If I might offer a slightly contrarian opinion, I think the lack of skill is the culprit here.

Consider how composition is taught in traditional education: you are trained to write melodies (for a prescribed number of bars), to develop them using prescribed techniques, to apply them over any given harmonic progression, to write appropriate countermelodies for them, and to write convincing transitions, to modulate correctly, etc.

In other words, it's all broken down into specific steps you learn them one by one, and there is absolutely zero inspiration, just lots of perspiration. Orchestration is taught in exactly the same way - thinking logically, understanding instrument combinations, volume balancing naturally, and mastering all of this while orchestrating existing piano music into self-standing and highly idiomatic pieces, as if they were conceived for orchestra.

Without this knowledge, you'll probably wing it on occasion when you feel inspired but more often feel frustrated and unproductive. And you probably won't even be aware of all of the possibilities in front of you, only what you picked by trial and error.

The whole point of traditional education is that you are able to write music that sounds solid, professional and sophisticated even if you are not at all inspired (and in the course of education your "sophistication" meter will develop exponentially). I think "inspiration" is a different concept altogether - it's what allows us to take the mundane and elevate it to the level of art.

My suggestion would be to look into how composition is taught, the techniques and their learning sequence. And either borrow that approach for self-study or find a professional composition course. And if this is too much, a suggestion upthread to emulate the music of others is truly excellent! Good luck!


----------



## Pier (Jun 13, 2022)

youngpokie said:


> I think "inspiration" is a different concept altogether - it's what allows us to take the mundane and elevate it to the level of art.


Personally, I think there is no practical difference between inspiration and motivation.

When you're highly motivated, you get in the zone and just work effortlessly. But for some reason when it applies to the arts or other creative endeavors they call it inspiration.

Some people think inspiration is when you're magically infatuated with an idea. I think it's the other way around. You're first in an inspired state and then you stumble upon an idea which you're capable of evaluating with a different perspective.

When you're not in an inspired state, all ideas seem bad, and because you have no motivation working takes a lot of effort.

Some guy with an unpronounceable name (Mihaly Csikszentmihalyi) studied this flow phenomenon and published https://www.amazon.com/dp/B000W94FE6/ (a book) decades ago.


----------



## el-bo (Jun 13, 2022)

Pier said:


> Personally, I think there is no practical difference between inspiration and motivation.
> 
> When you're highly motivated, you get in the zone and just work effortlessly. But for some reason when it applies to the arts or other creative endeavors they call it inspiration.
> 
> ...


Yeah...it does seem as though inspiration is still equated with the idea of 'divine' inspiration i.e that it's something we are struck with/by, from a higher, invisible but benevolent, source. But regardless of where it may or not come from, inspiration and motivation are rare...and fleeting. And the sad irony is that unless one already has a 'practise' of actually doing the work, it will be harder to notice when that inspiration arrives and/or how to leverage it if/when it does.
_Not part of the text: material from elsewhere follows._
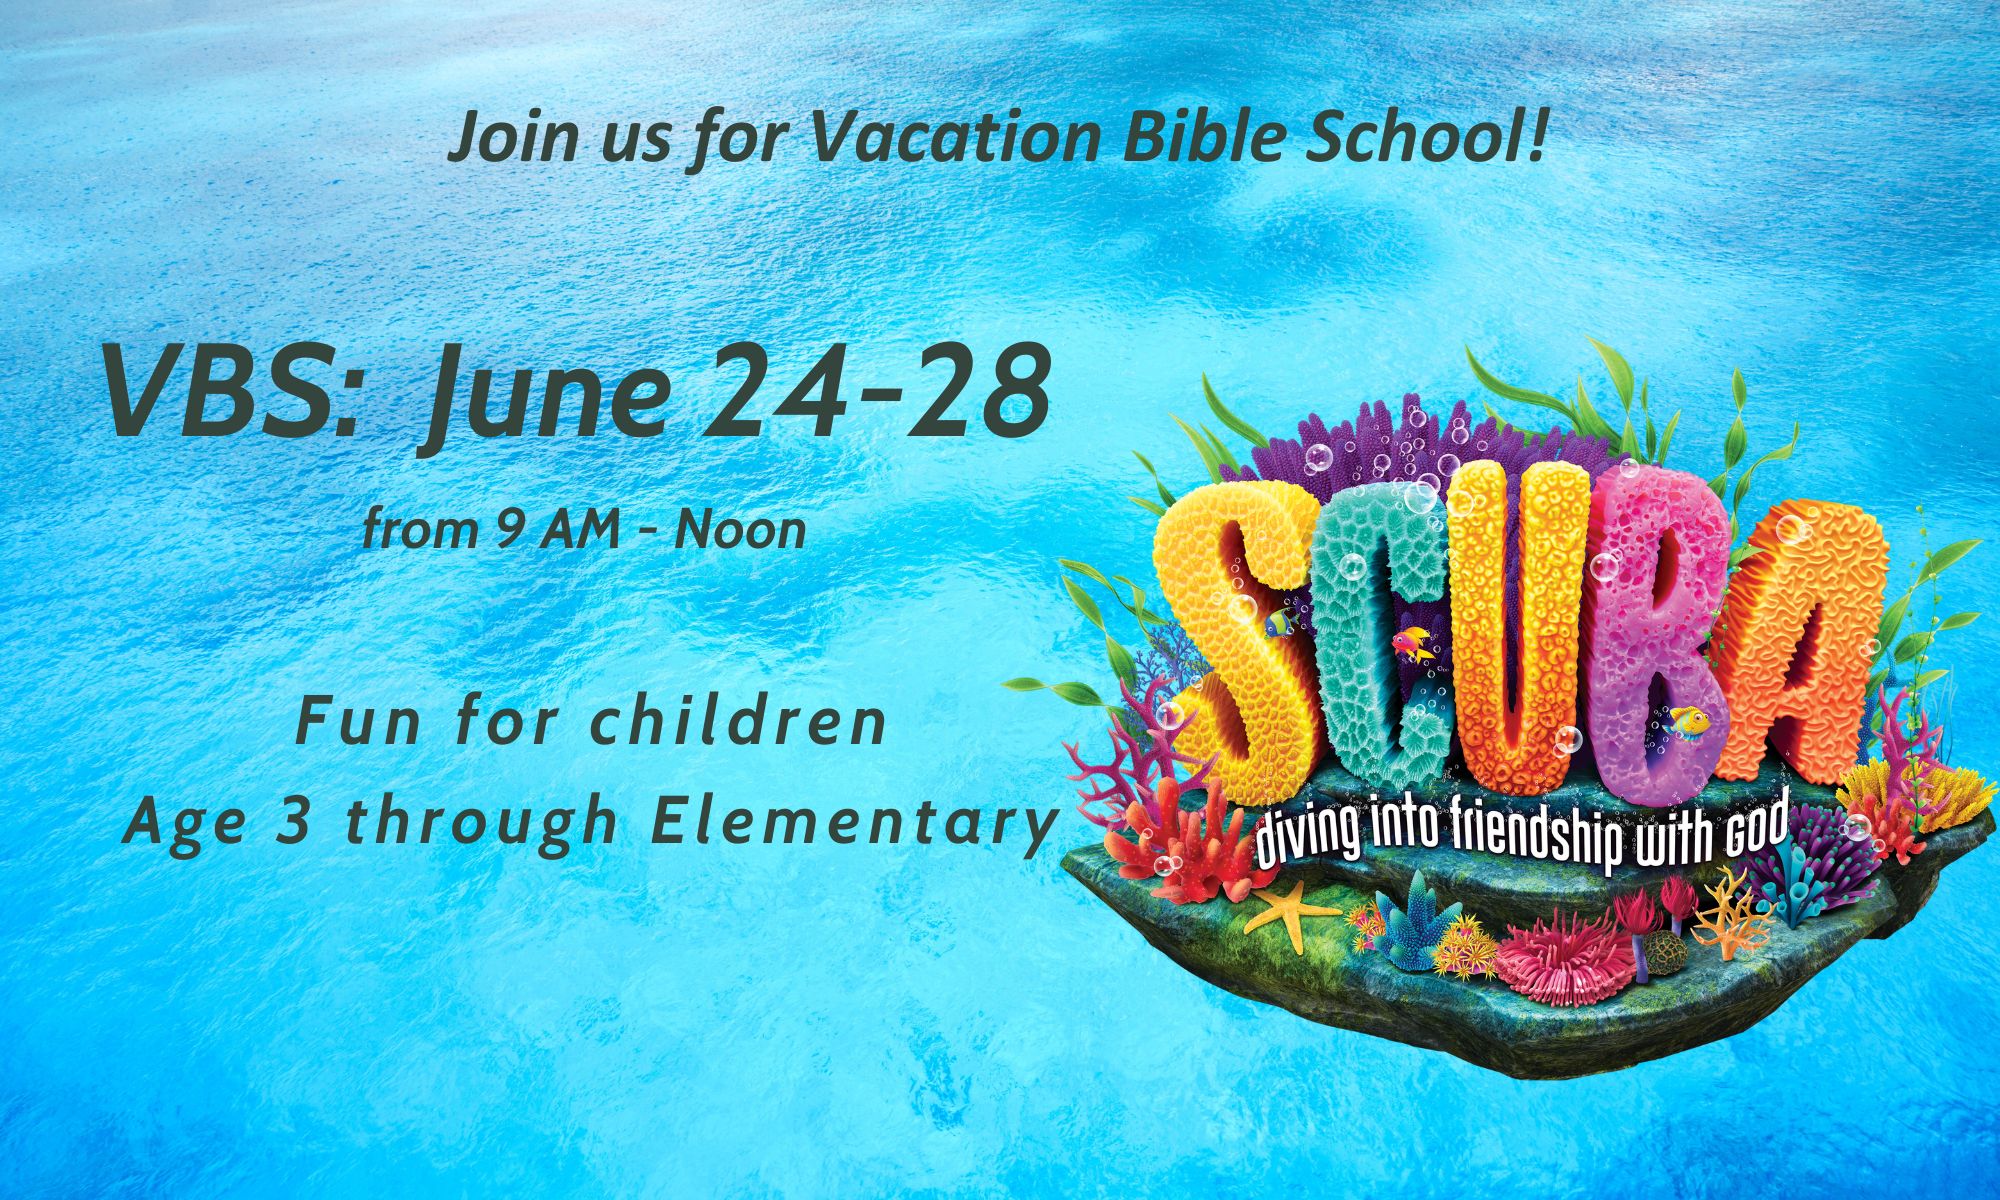 Undersea picture with SCUBA Driving Into Friendship With God (VBS Logo)
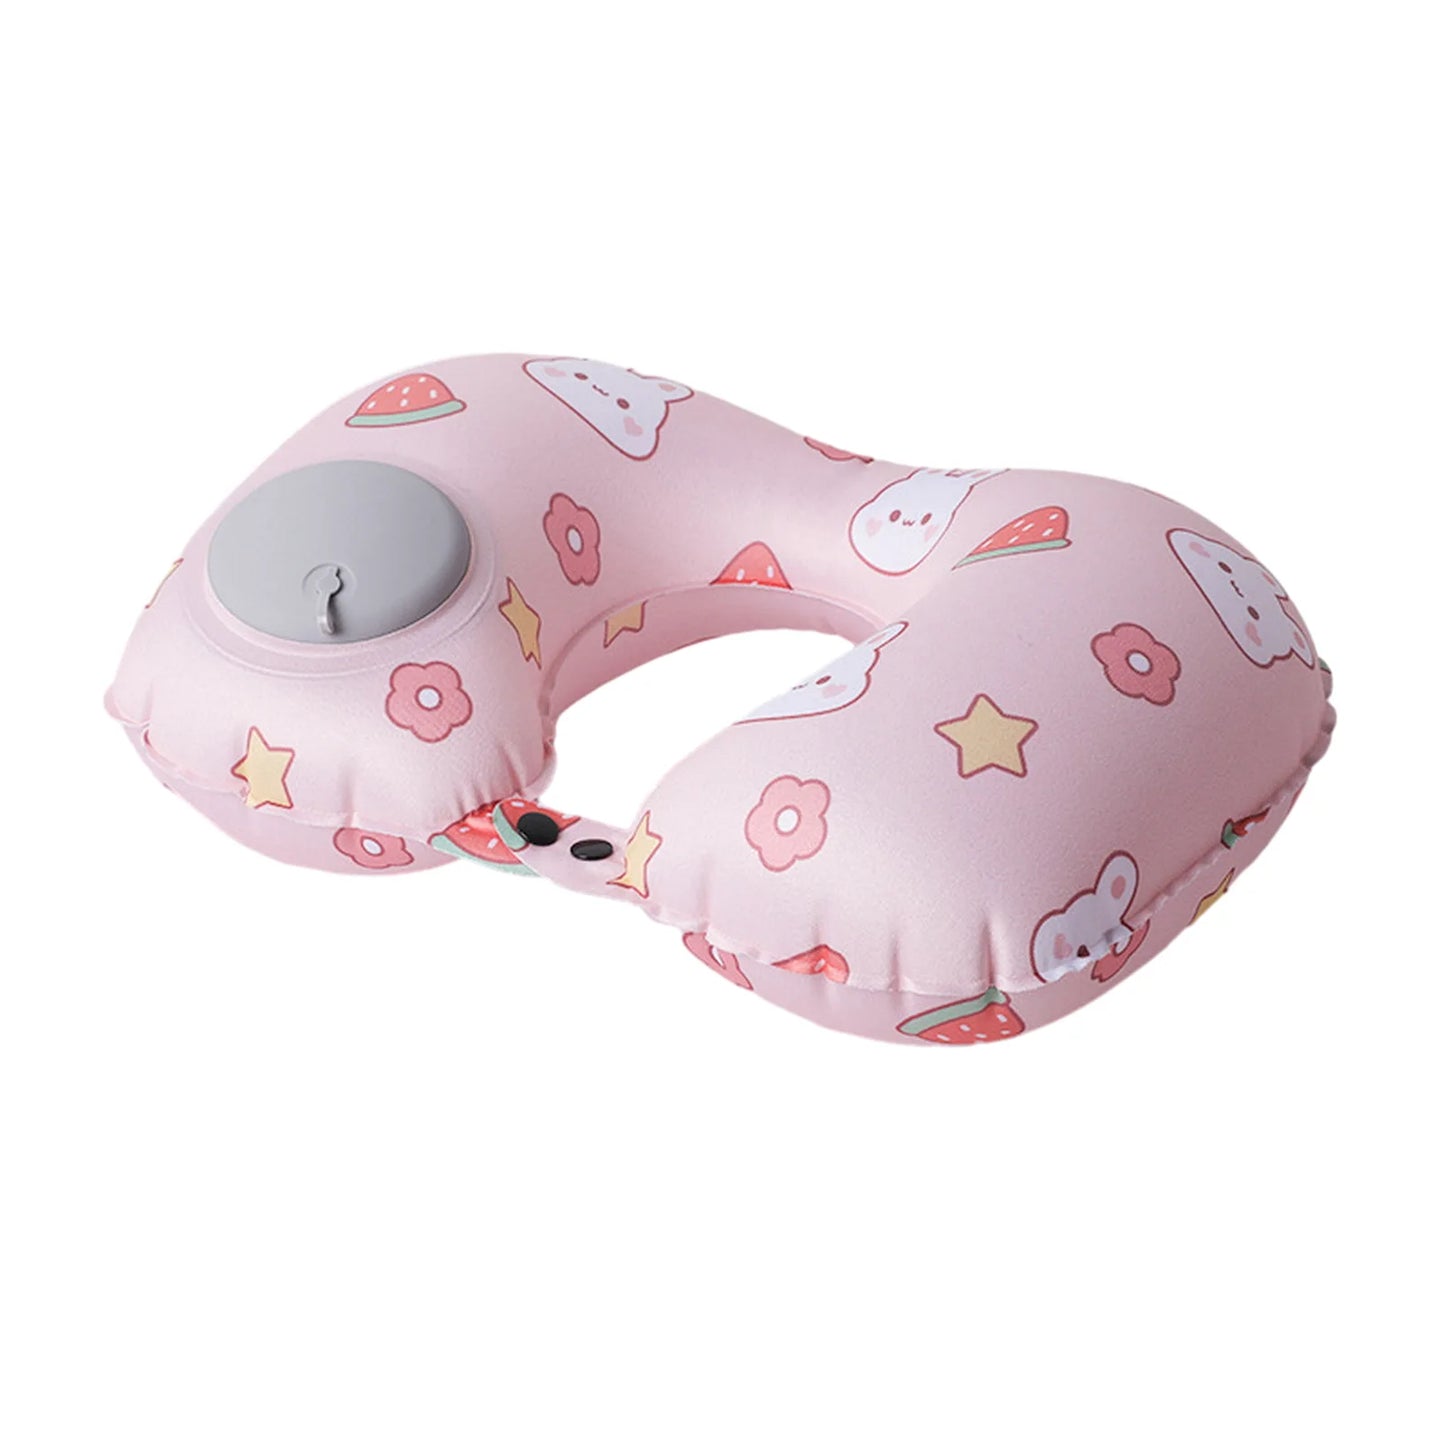 A product image of the Bunny Press-Inflatable_Neck_Pillow

"What good is waiting for the rains to come, if we've yet to plough our fields..." ~ el-bo...Just now

The idea of just 'showing up and doing the work' is not new, and is explored at length (Over a few books - books that might never have been written had constant inspiration and motivation been a pre-requisite) by Steven Pressfield.

Some of his main ideas are summarised, here:

https://www.bidsketch.com/blog/everything-else/war-of-art/ 

...or put way more succinctly by another Stephen (King):

“Amateurs sit and wait for inspiration, the rest of us just get up and go to work.”​
-----------

When I suggested earlier that the OP consider how much they want to make music, I did so because I think it's an important thing to consider. And it's something i have been wrestling with, in a bid to understand my own inability to finish projects (or indeed, get past that initial four-bars).

In my case I concluded that I like coming up with those initial ideas. And I like playing those initial ideas, daily, and hearing the actual music. I also like (At least, I have a distant memory of liking) when the project is done/fully realised.

What I don't like is everything in-between.

I know all the reasons why I don't like the part between conceptualisation and eventualisation/realisation (And a lot of people have it right that the 'key' is at least being conversant in the language of music, and of production). But in answer to my own question, I do like the idea of making music. But I can't say i do (currently) enjoy 'making'/writing music.

However, it turns out that after all this time I do want to be able to actualise my art. That's going to be easier said than done. But I know that the biggest part of it is to overcome resistance(s), sit my arse on the chair (in my case, a cushion) and just do the work (I'm already sitting there anyway, but I seem to be putting all my energies into chatting shit on the internet ).



Pier said:


> Some guy with an unpronounceable name (Mihaly Csikszentmihalyi) studied this flow phenomenon and published https://www.amazon.com/dp/B000W94FE6/ (a book) decades ago.


I believe it's pronounced: Me high...Chick sent me high


----------